> [TASK TO COMPLETE]: The task calls for the lines below from the line with "SoulCal Mens Phuket" to the line with "MANEUVER SUPPORT CENTER", both ends included, copied exactly, without any pictures.

> [RECORDS SUPPLIED]:
<<<<

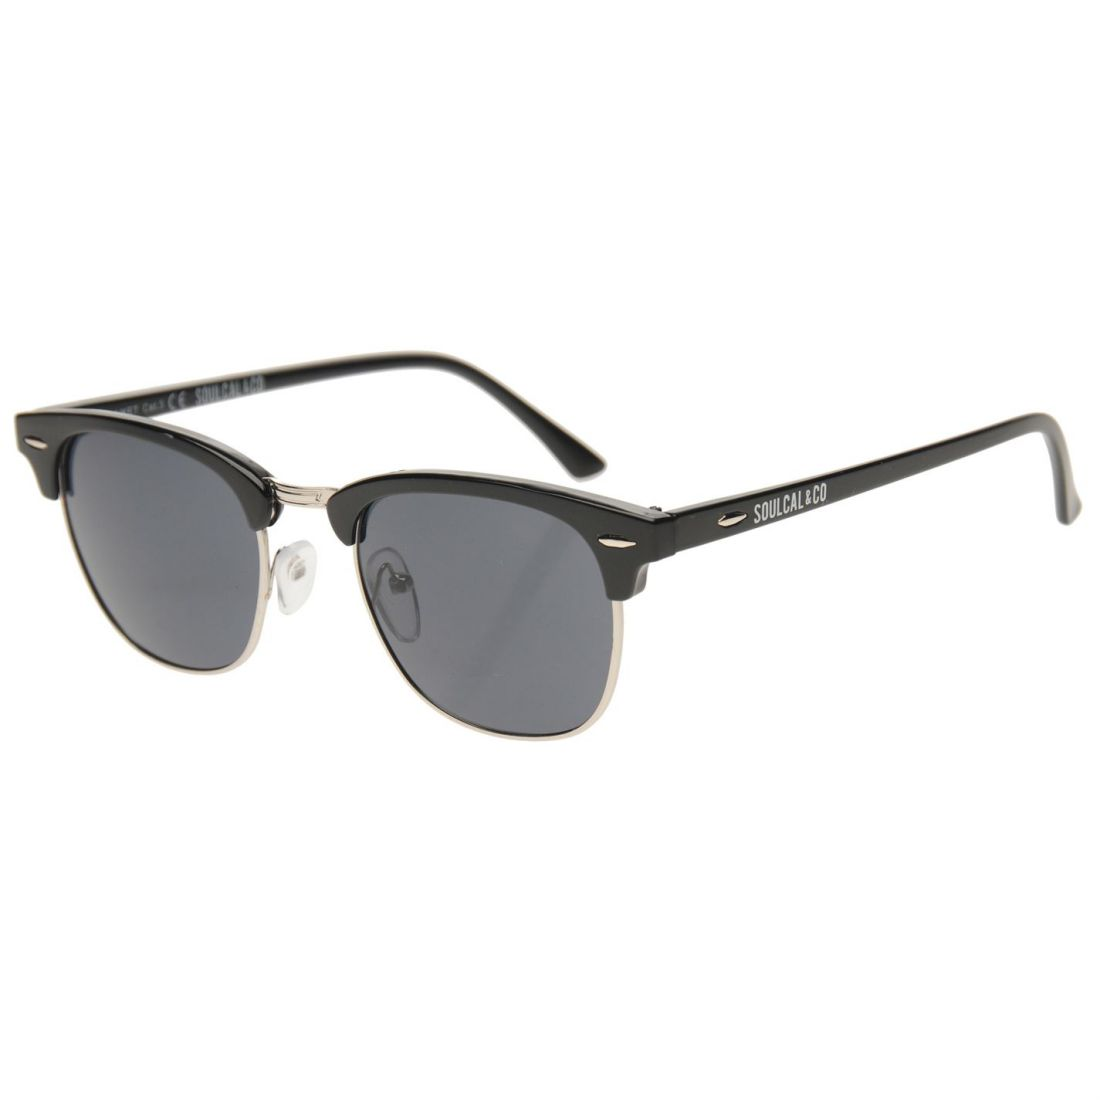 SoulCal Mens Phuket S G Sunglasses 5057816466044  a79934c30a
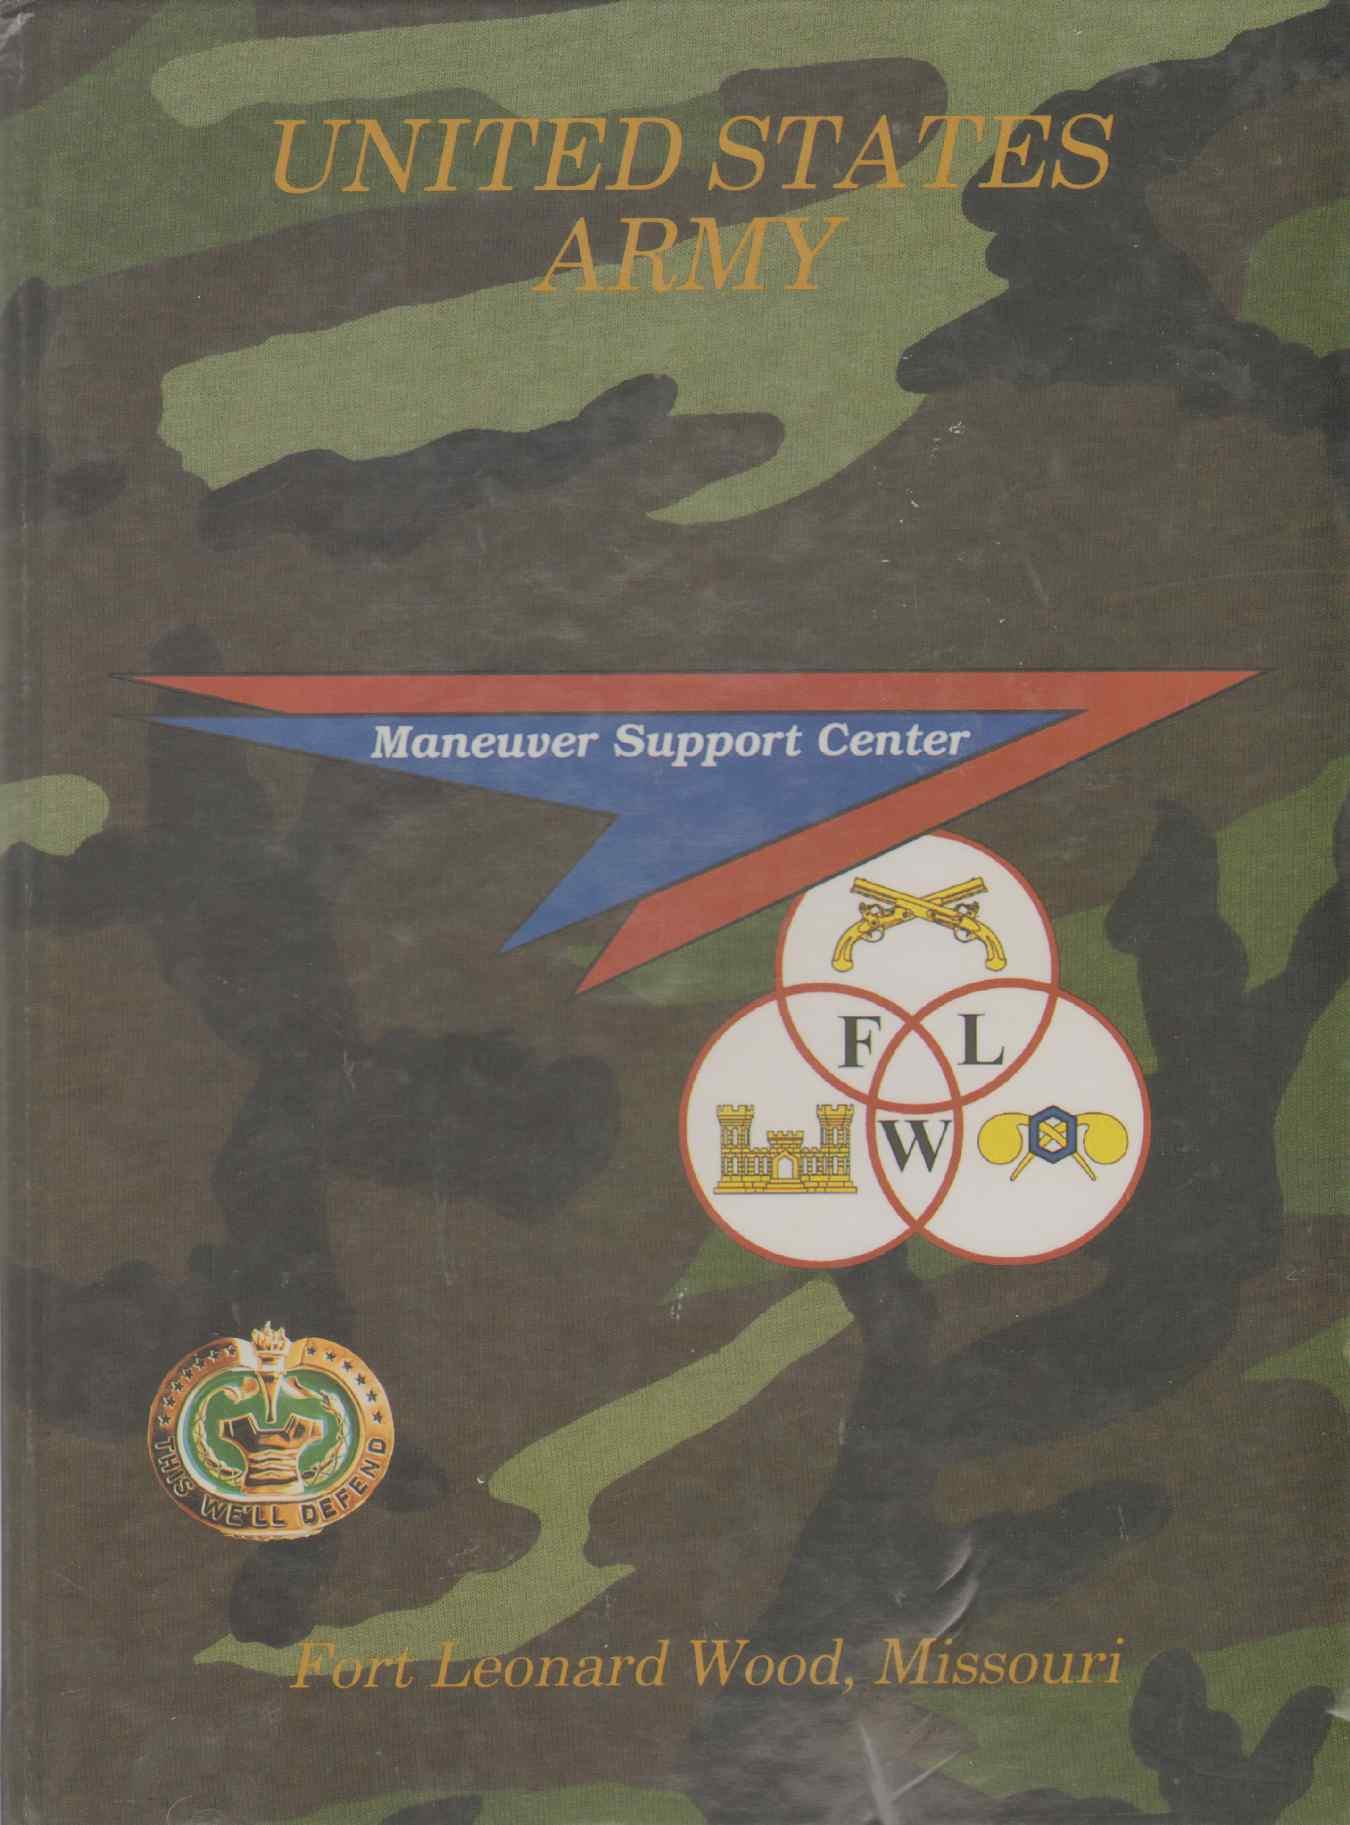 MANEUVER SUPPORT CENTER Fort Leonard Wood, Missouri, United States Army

>>>>
<<<<

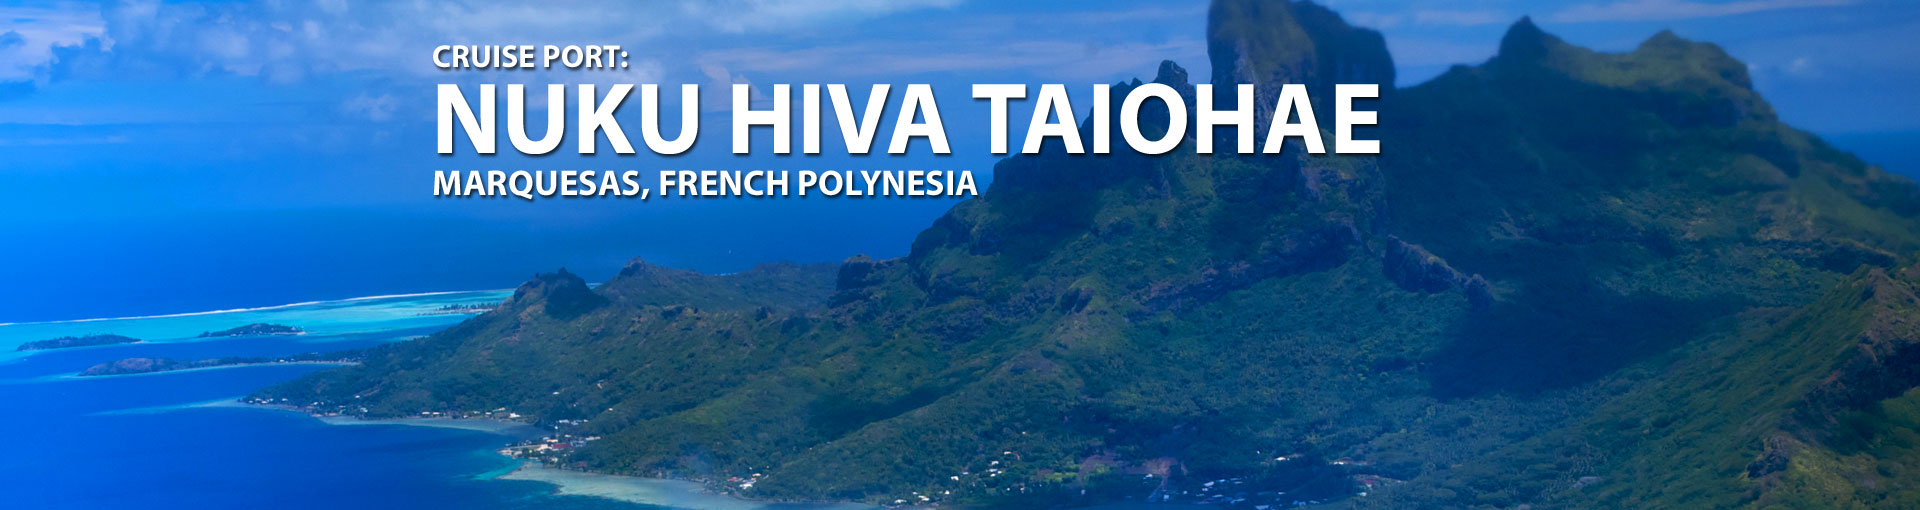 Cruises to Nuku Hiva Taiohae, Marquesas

>>>>
<<<<

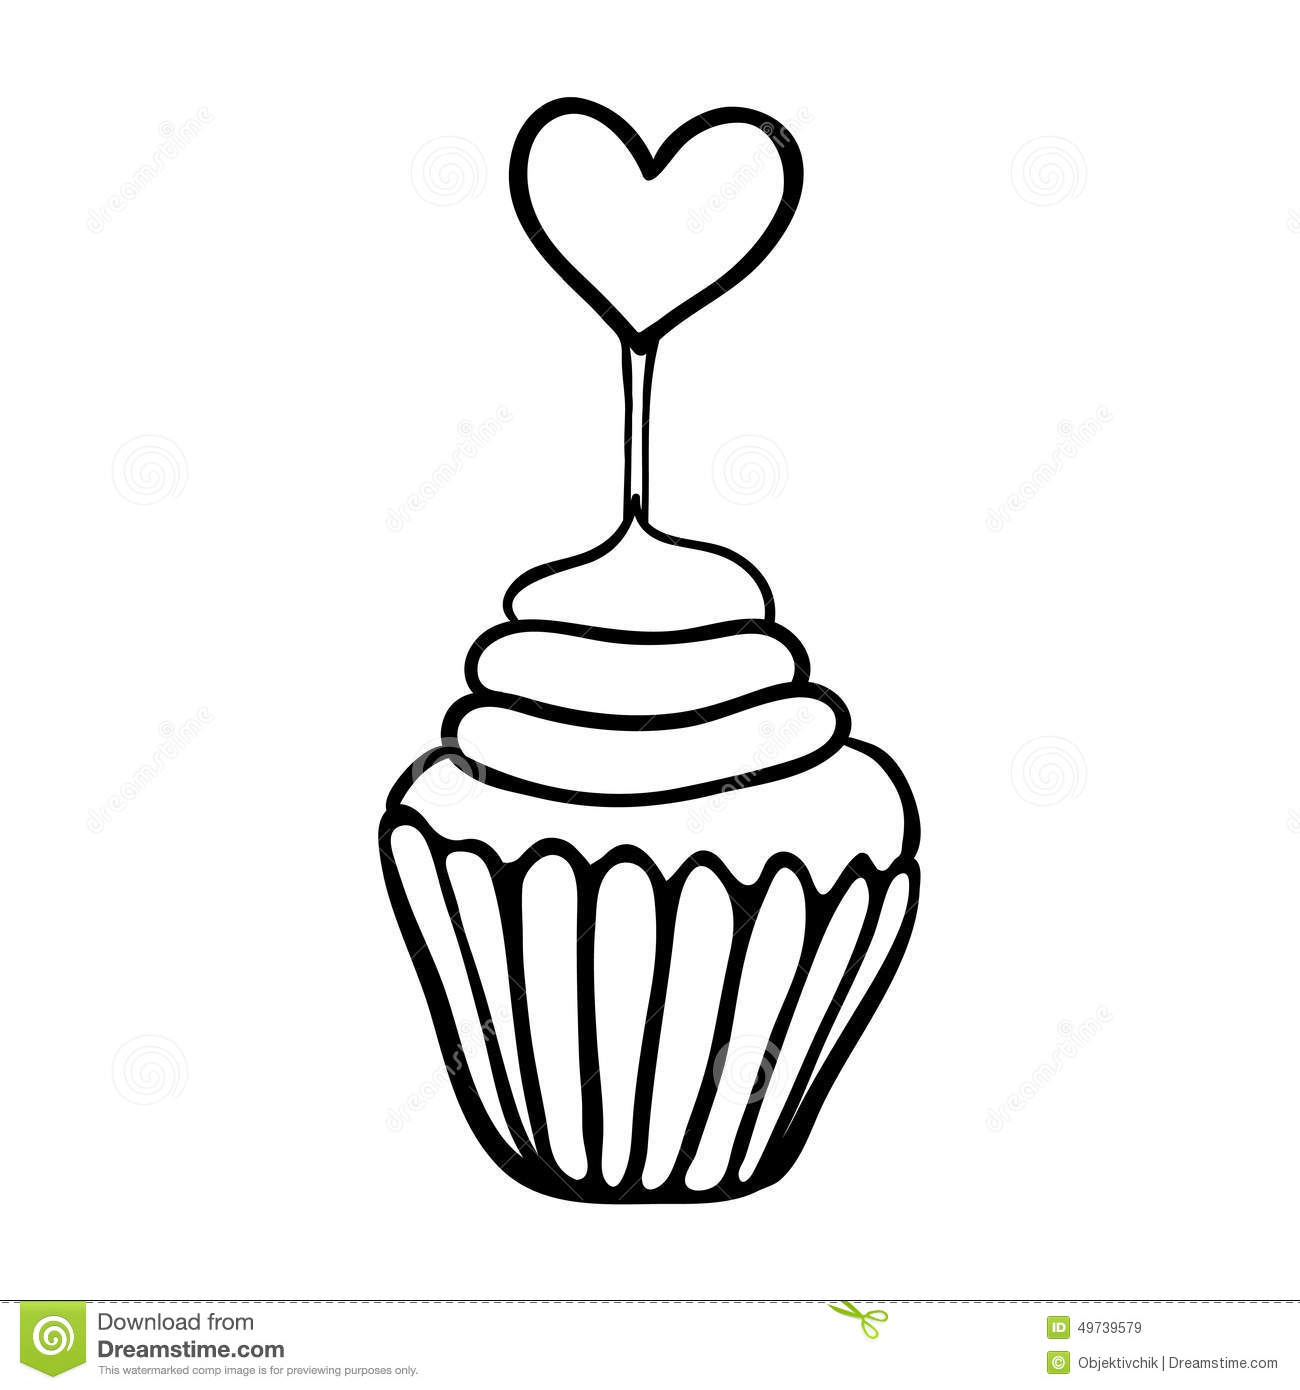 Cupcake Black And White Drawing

>>>>

> [ANSWER TO THIS PROBLEM]:
 SoulCal Mens Phuket S G Sunglasses 5057816466044  a79934c30a
 MANEUVER SUPPORT CENTER Fort Leonard Wood, Missouri, United States Army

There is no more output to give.